If a shard starts on the target node before the next ClusterInfo polling, today we don't include it for the simulation. With this PR, we track shards that can potentially start within one ClusterInfo polling cycle so that they are always included in simulation. The tracking is reset when a new ClusterInfo arrives.

Resolves: ES-12723

This reverts commit e76d333.

ywangd · 2025-09-29T08:08:00Z

server/src/main/java/org/elasticsearch/cluster/ClusterInfoSimulator.java

-        return new ClusterInfo(
-            leastAvailableSpaceUsage,
-            mostAvailableSpaceUsage,
-            shardSizes.toImmutableMap(),
-            shardDataSetSizes,
-            dataPath,
-            Map.of(),
-            estimatedHeapUsages,
-            shardMovementWriteLoadSimulator.simulatedNodeUsageStatsForThreadPools(),
-            allocation.clusterInfo().getShardWriteLoads(),
-            maxHeapSizePerNode
-        );
+        return allocation.clusterInfo()
+            .updateWith(
+                leastAvailableSpaceUsage,
+                mostAvailableSpaceUsage,
+                shardSizes.toImmutableMap(),
+                Map.of(),
+                estimatedHeapUsages,
+                shardMovementWriteLoadSimulator.simulatedNodeUsageStatsForThreadPools()
+            );


This is the centre piece of the performance fix. See also commit b78f608 for full details.

Note that I will not merge this PR until I get proof from benchmarks.

gbanasiak · 2025-09-29T08:30:01Z

Buildkite benchmark this with many-shards-quantitative please

ywangd · 2025-09-30T03:29:36Z

The last results show that the performance is better than the original PR but still worse than the baseline.
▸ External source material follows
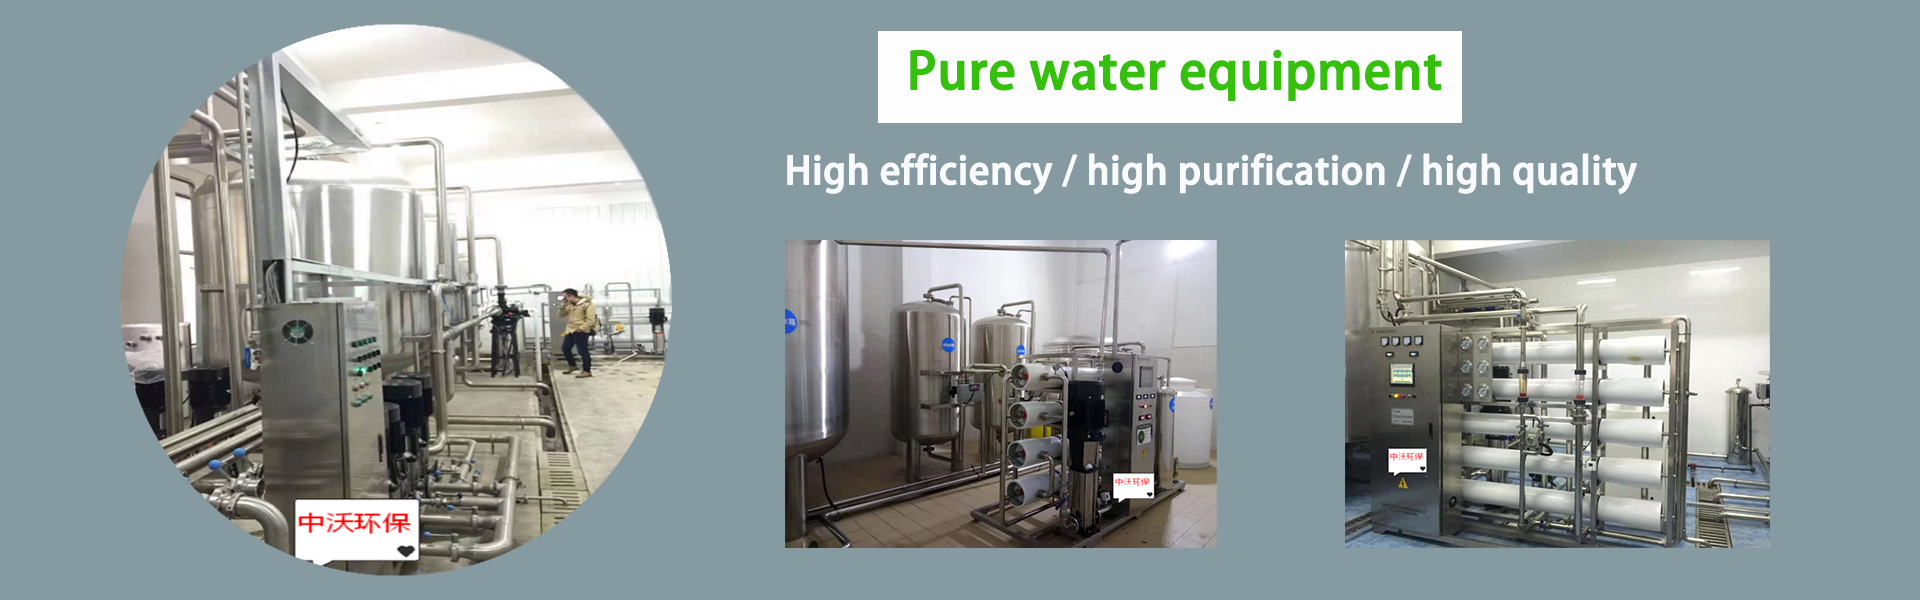 อุปกรณ์บำบัดน้ำ, อุปกรณ์ทำน้ำให้บริสุทธิ์, อุปกรณ์ป้องกันสิ่งแวดล้อม,Foshan zhongwo Environmental Protection Technology Co Ltd.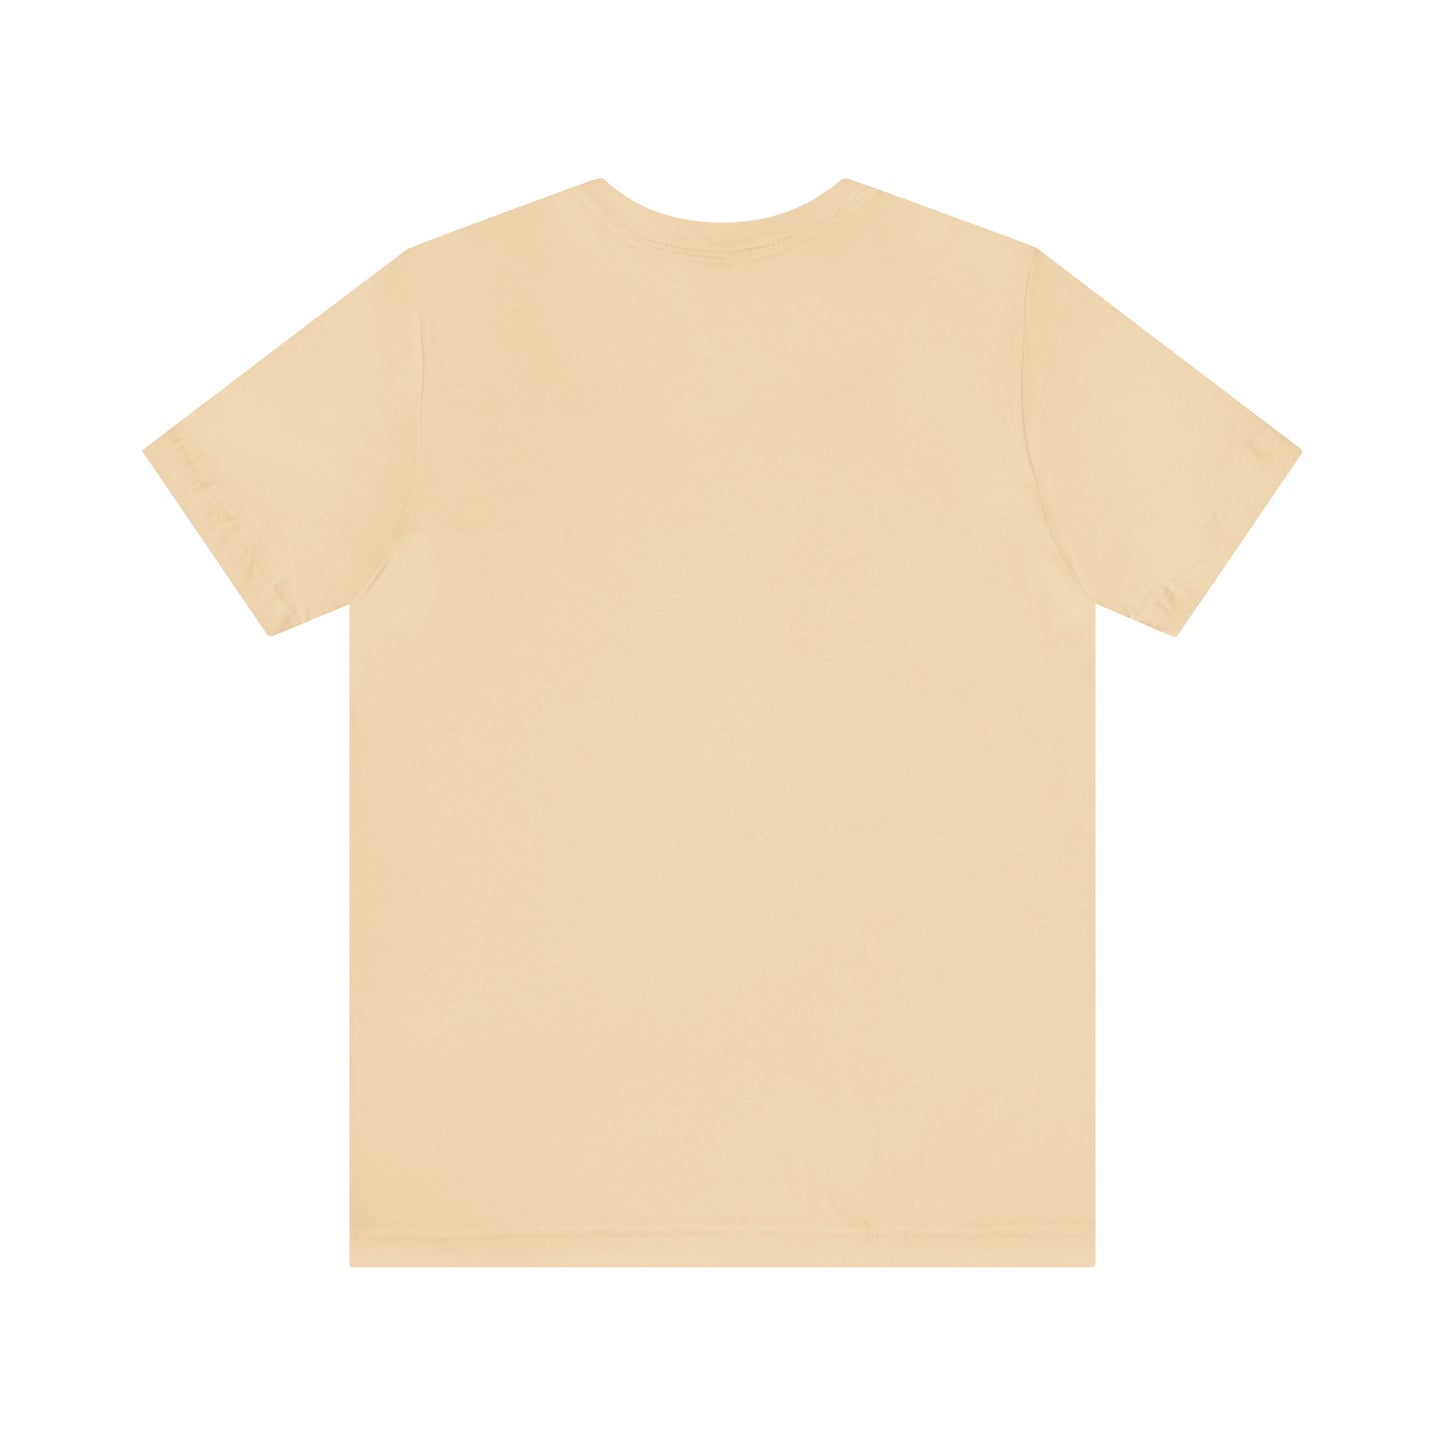 Sloth Yoga T-Shirt, Yoga Gift, Funny Yoga, Sloth T-Shirt, Cute Sloth Shirt

The P50 throughput for initial-indices is 998, down from the baseline 1257. The original PR was at 368, the original baseline was 985.
It might be arguable that the new value (998) is within noise level since the historical low of past 90 days is below 900.

Based on the flamegraphs, I think we may still be able to improve it and I pushed 0b6cde1. Will run a new benchmark for this change.

ywangd · 2025-09-30T03:30:13Z

Buildkite benchmark this with many-shards-quantitative please

ywangd · 2025-09-30T03:58:51Z

server/src/main/java/org/elasticsearch/common/util/CopyOnFirstWriteMap.java

-        return Map.copyOf(getForRead());
+        return wasCopied ? Collections.unmodifiableMap(getForRead()) : getForRead();


This and a similar change in ClusterInfo's constructor is the new fix after reviewing the results of last benchmark.

It is not necessarily a new issue. This class assumes mutation operation is rare (see its class level comment) so that it copies map if it is mutated (this is already a performance fix since the previous behaviour was always copying). But the assumption does not seem true when there is a high rate of index creations as in the many-shards benchmark. The consequence is that the shardSizes map gets copied many times which is visible in the baseline flamegraph (6.56%). The PR adds simulateAlreadyStartedShard that simulates shard started within a single ClusterInfo polling. The most expensive part of this new logic is again map copying (12.78%).

The additional work for simulateAlreadyStartedShard is omitted by the baseline which effectively makes it do less work (with less accurate result). The PR fixes this issue so that the additional work is justified. But the issue is that additional work reuses the same non-performant map copying code and it makes the problem more visible.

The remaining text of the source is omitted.